The easier way to use lunr search with Hugo

It might not be immediately obvious but my blog is a collection of static pages, generated by Hugo static site generator and updated automatically whenever I push to the GitHub repository. Back when I started using it, I had to decide on a search solution. I ruled out a third-party service (because privacy) and a server-supported one (because security). Instead, I went with lunr.js which works entirely on the client side.

Now if you want to do the same, you better don’t waste your time on the solution currently proposed by the Hugo documentation. It relies on updating the search index manually using an external tool whenever you update the content. And that tool will often deduce page addresses incorrectly, only some Hugo configurations are supported.

Eventually I realized that Hugo is perfectly capable of generating a search index by itself. I recently contributed the necessary code to the MemE theme, so by using this theme you get search capability “for free.” But in case you don’t want to switch to a new theme right now, I’ll walk you through the necessary changes.

Generating the search index

Hugo can generate the search index the same way it generates RSS feeds for example, it’s just another output format. You merely need to add a template for it, e.g. layouts/index.searchindex.json:

[
  {{- range $index, $page := .Site.RegularPages -}}
    {{- if gt $index 0 -}} , {{- end -}}
    {{- $entry := dict "uri" $page.RelPermalink "title" $page.Title -}}
    {{- $entry = merge $entry (dict "content" ($page.Plain | htmlUnescape)) -}}
    {{- $entry = merge $entry (dict "description" $page.Description) -}}
    {{- $entry = merge $entry (dict "categories" $page.Params.categories) -}}
    {{- $entry | jsonify -}}
  {{- end -}}
]

This will generate a JSON file containing a list of all pages. A page entry contains its address, title, contents, description and categories. You can easily add more fields if you want them to be searchable, for example tags.

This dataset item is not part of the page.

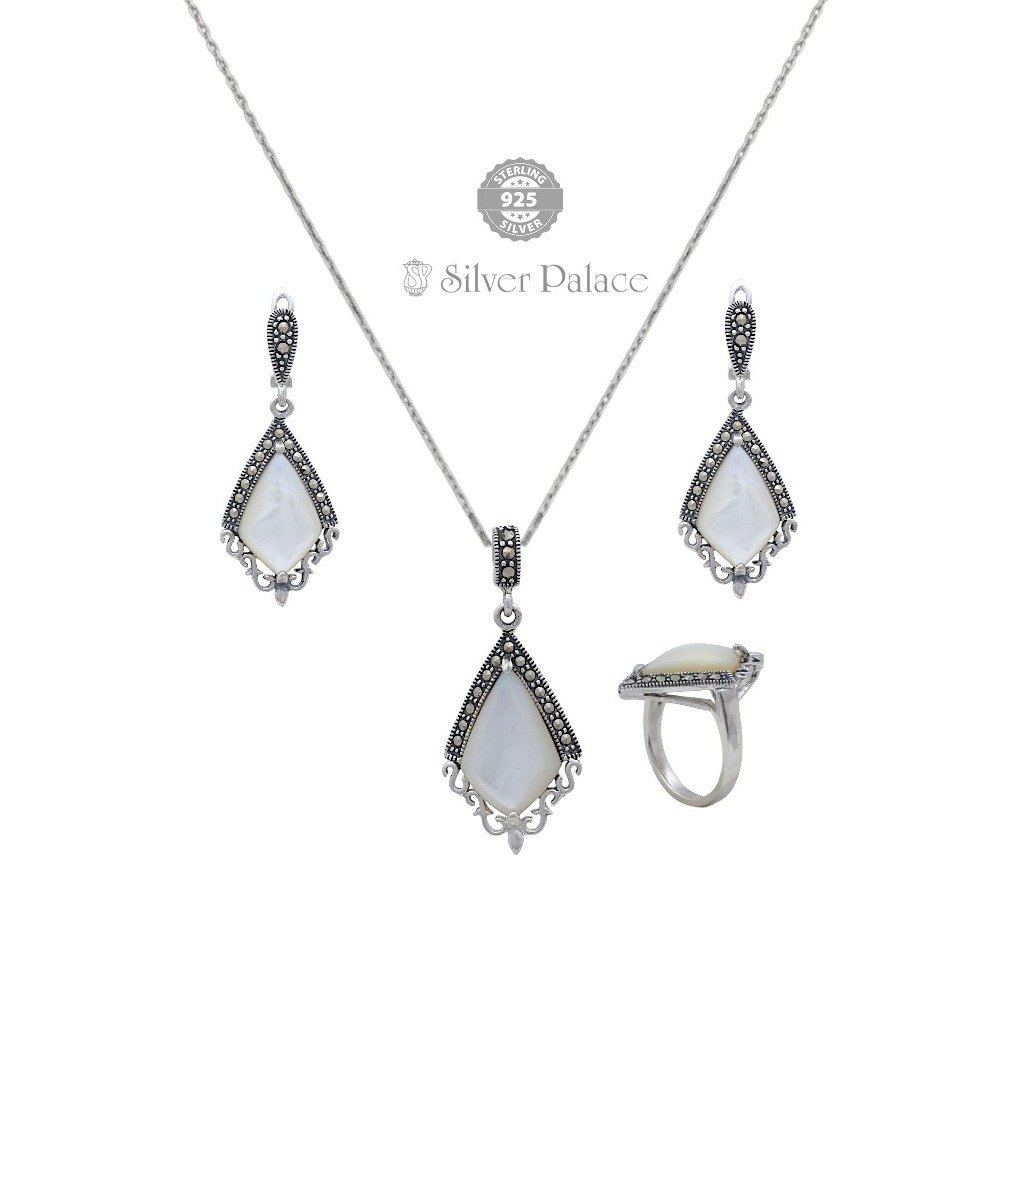 925 SILVER PRITE' COLLECTIONS MOP AND MARCASITE PENDANT WITH MATCHING EARRINGS & RING FOR FUNCTION  USES

Now you have to make sure the search index is actually generated, the output format needs to be added to the site’s configuration. Here assuming YAML-formatted configuration and default existing outputs for the home page:

outputFormats:
  SearchIndex:
    baseName: search
    mediaType: application/json

outputs:
  home:
    - HTML
    - RSS
    - SearchIndex

After rebuilding the website you should have a search.json file in the root directory. It’s not going to be tiny, but with gzip compression enabled the download size should be acceptable for most websites.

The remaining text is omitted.